[ENTRIES PROVIDED]

◇ ◇ ◇

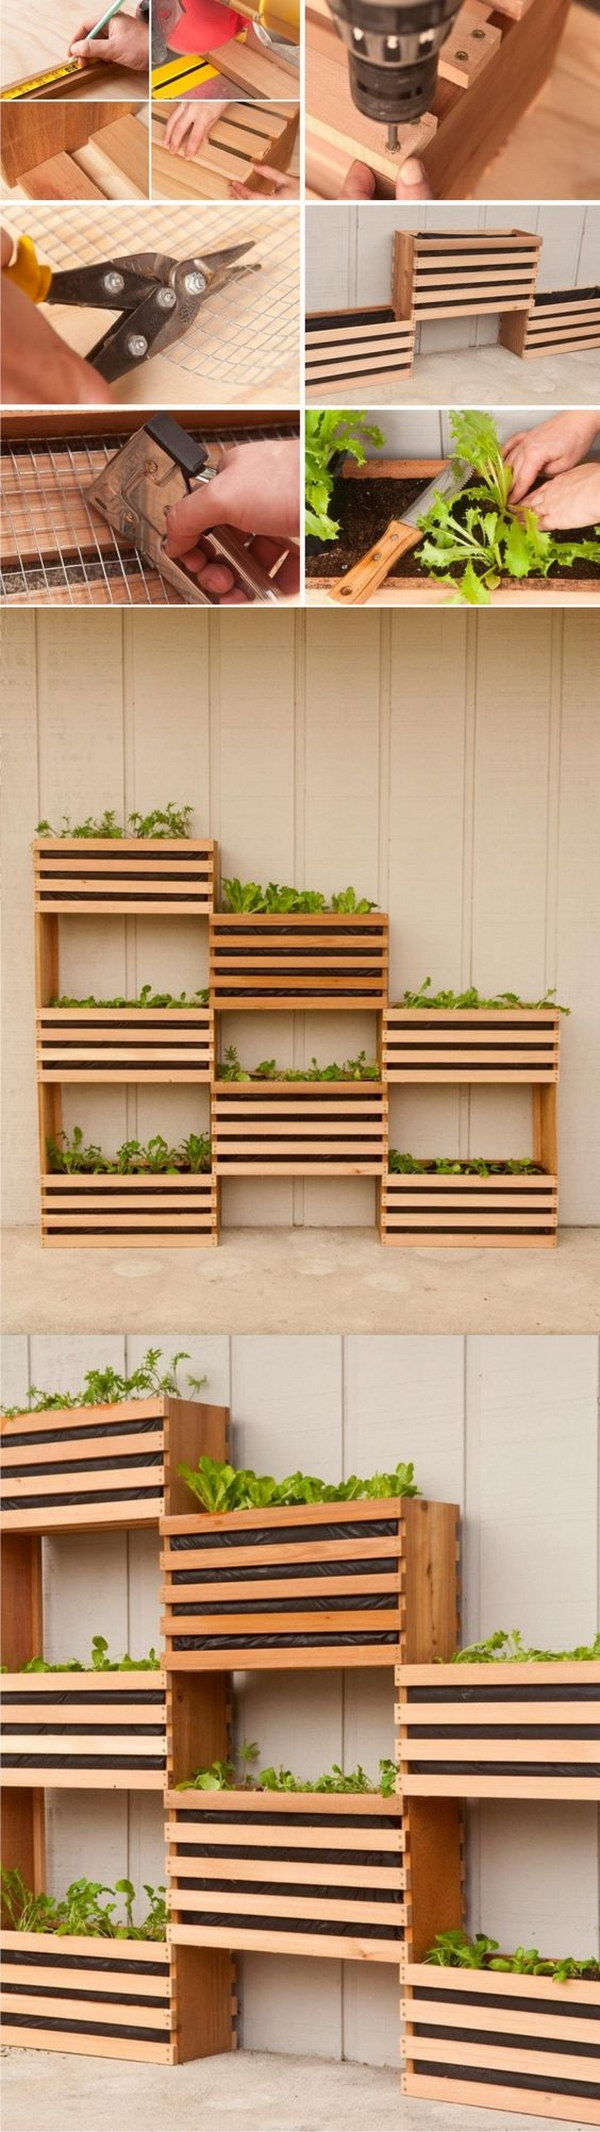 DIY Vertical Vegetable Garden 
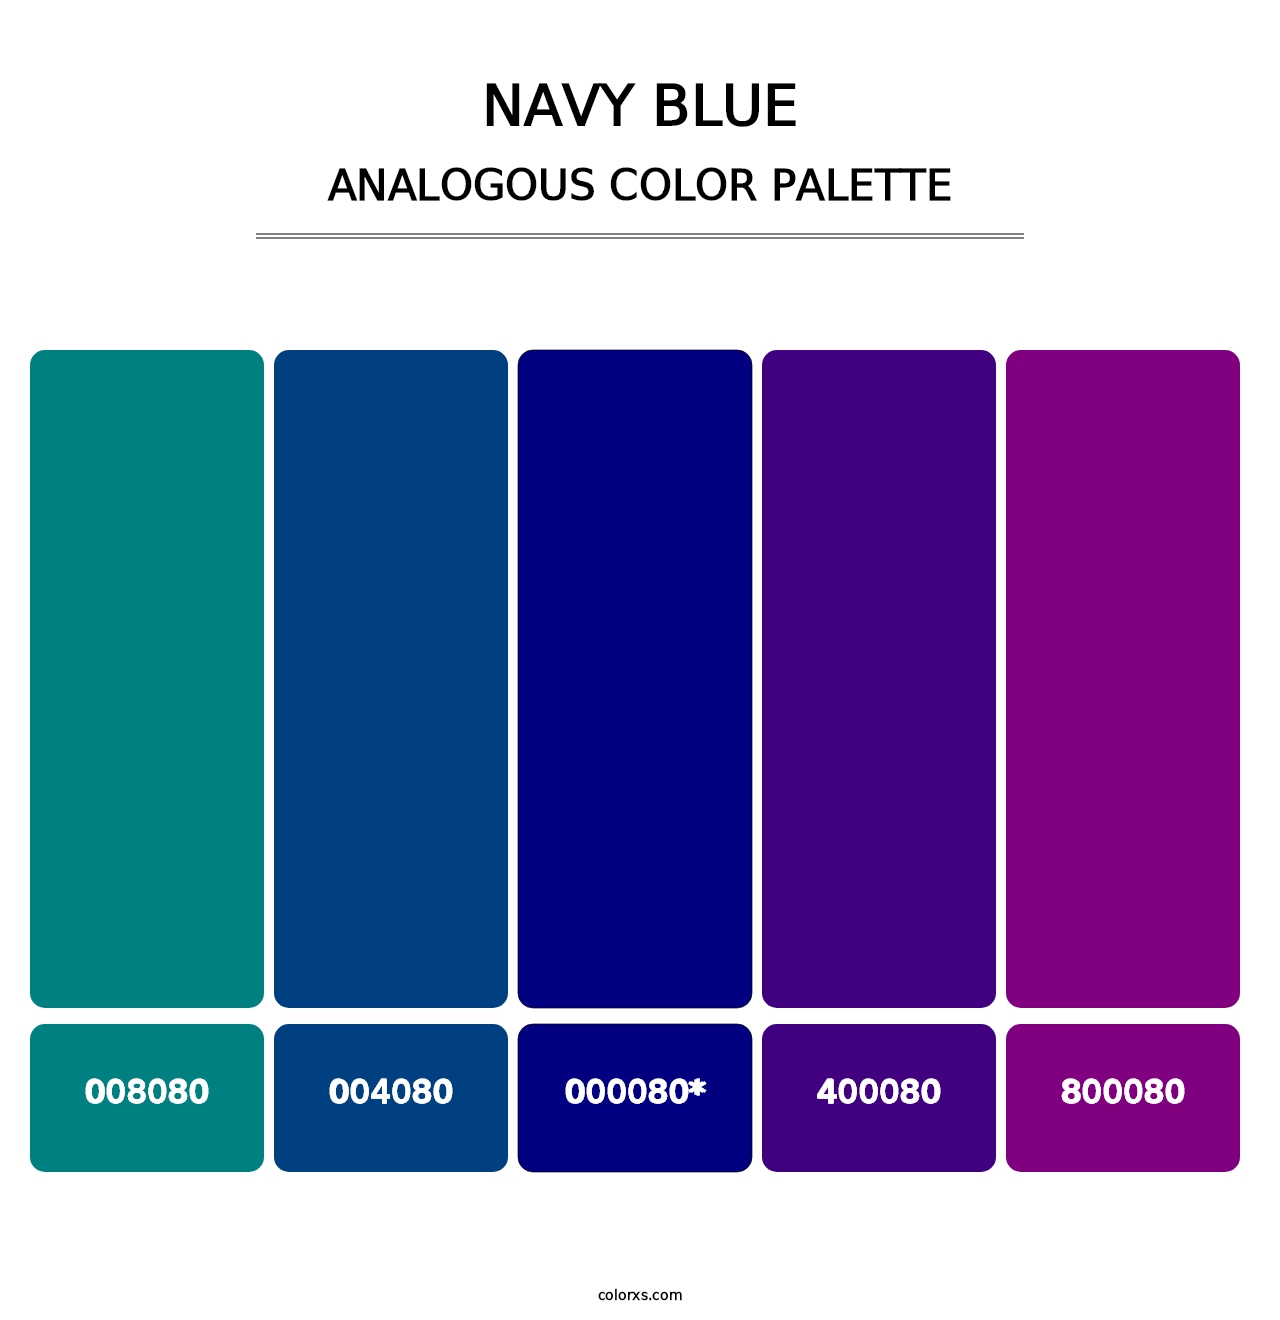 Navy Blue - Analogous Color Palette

◇ ◇ ◇

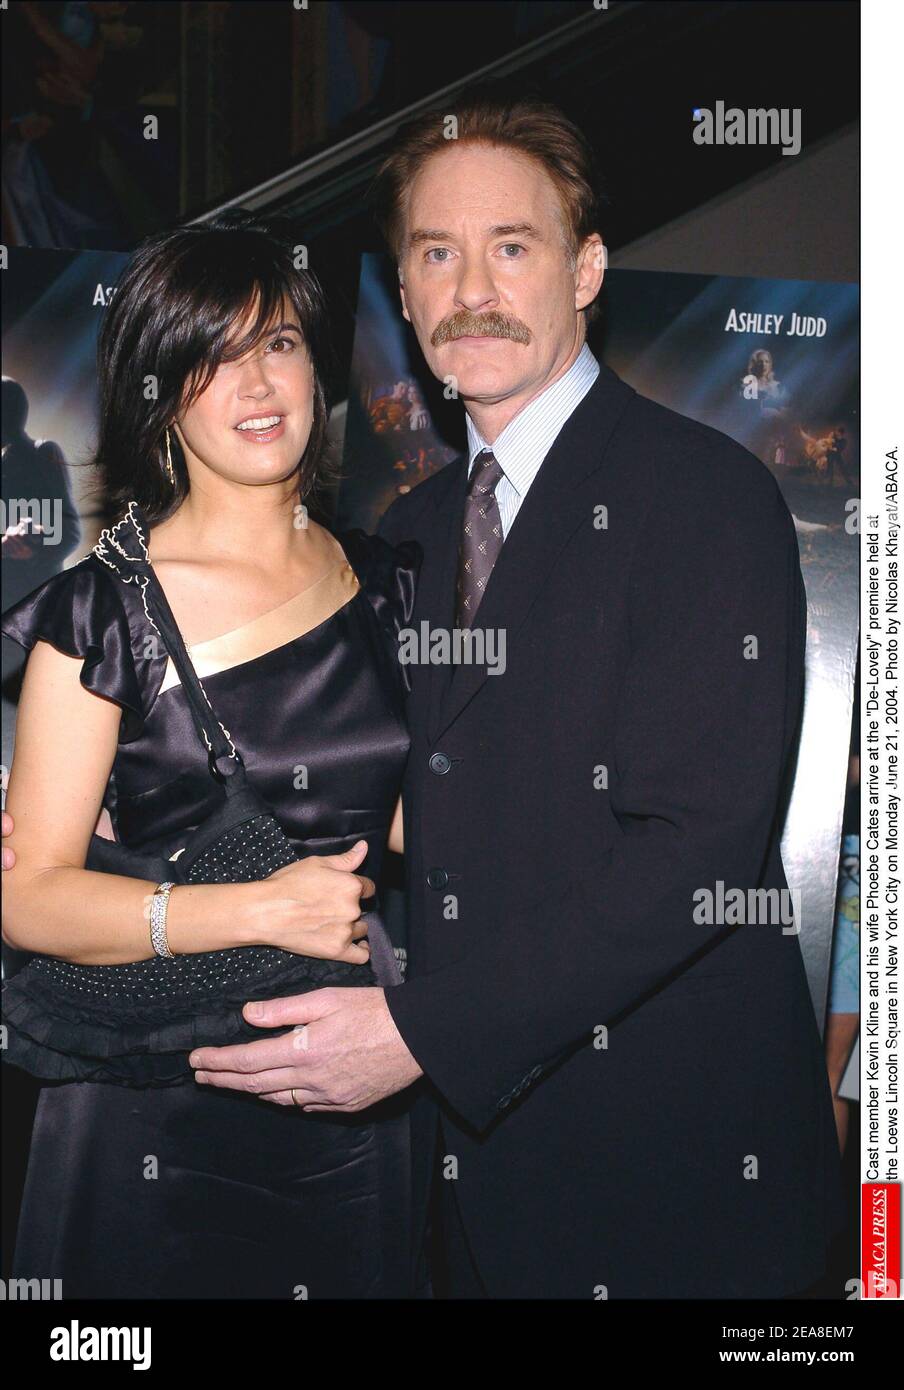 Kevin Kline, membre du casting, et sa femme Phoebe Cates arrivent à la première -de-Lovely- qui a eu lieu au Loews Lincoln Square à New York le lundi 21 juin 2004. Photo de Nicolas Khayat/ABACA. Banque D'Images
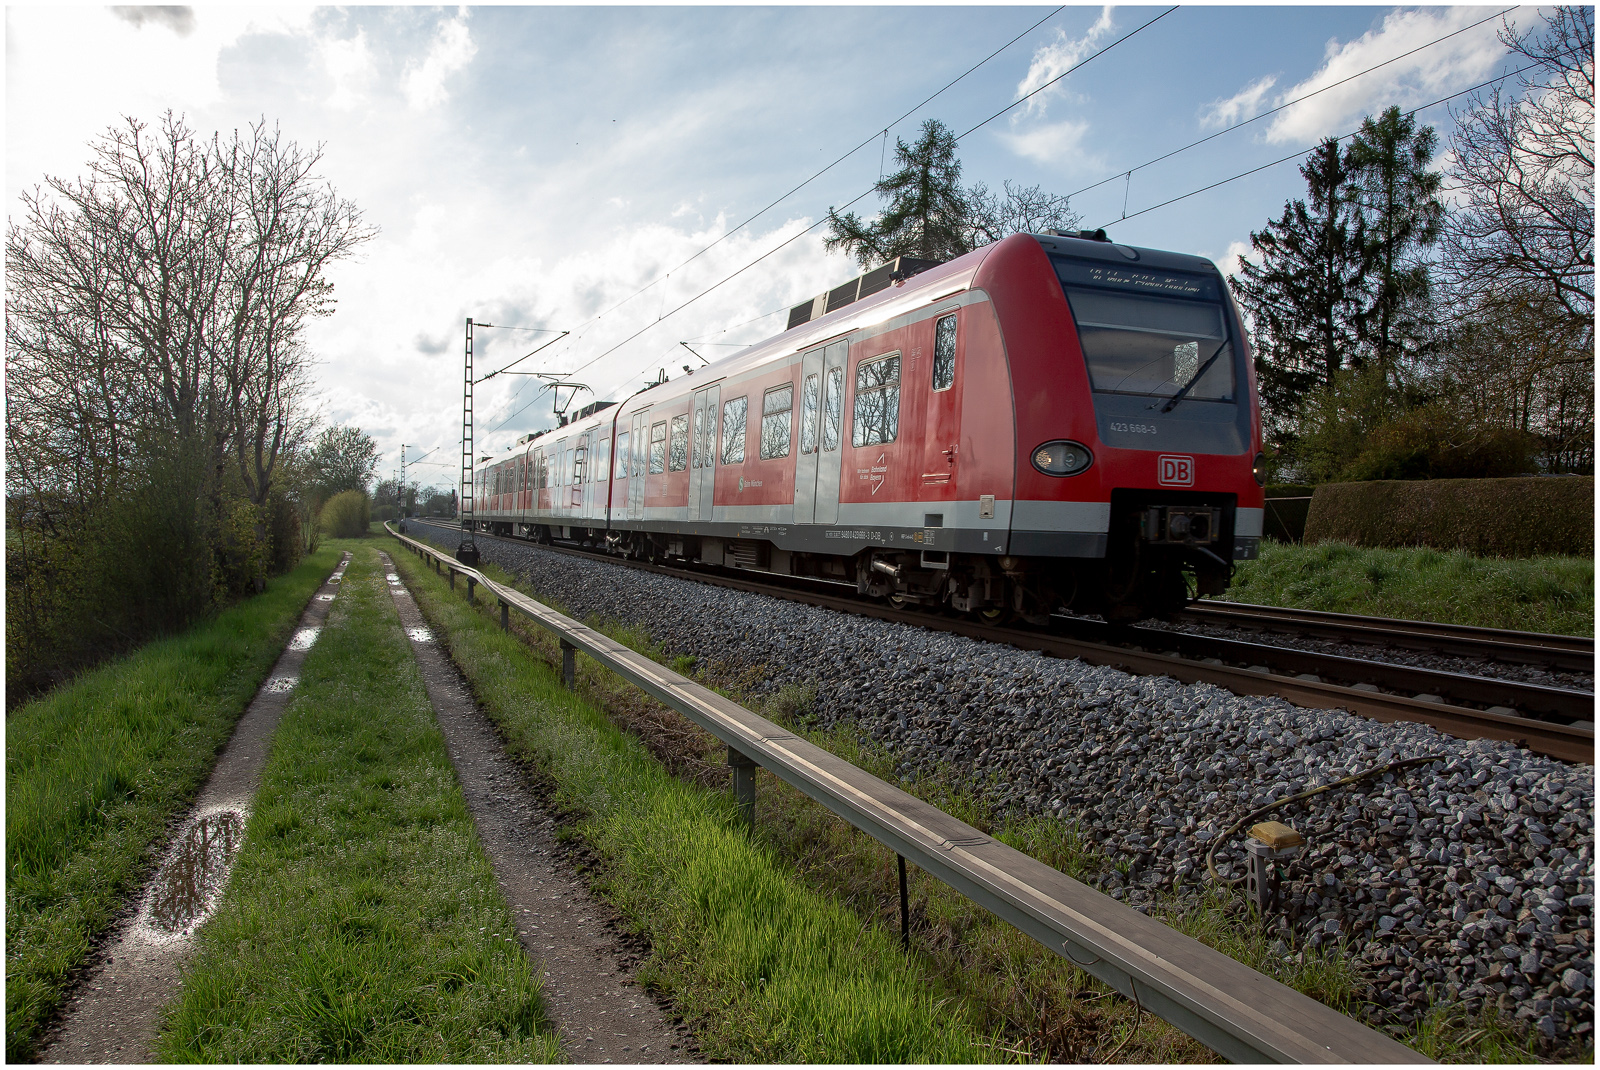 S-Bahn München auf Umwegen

◇ ◇ ◇

[PROBLEM TO WORK ON] Give again, exactly as written above, each line from the one that has "DIY Vertical Vegetable Garden" to the one that has "Navy Blue - Analogous Color Palette", both included; omit the pictures.

[ANSWER TO THIS EXERCISE]
 DIY Vertical Vegetable Garden 
 Navy Blue - Analogous Color Palette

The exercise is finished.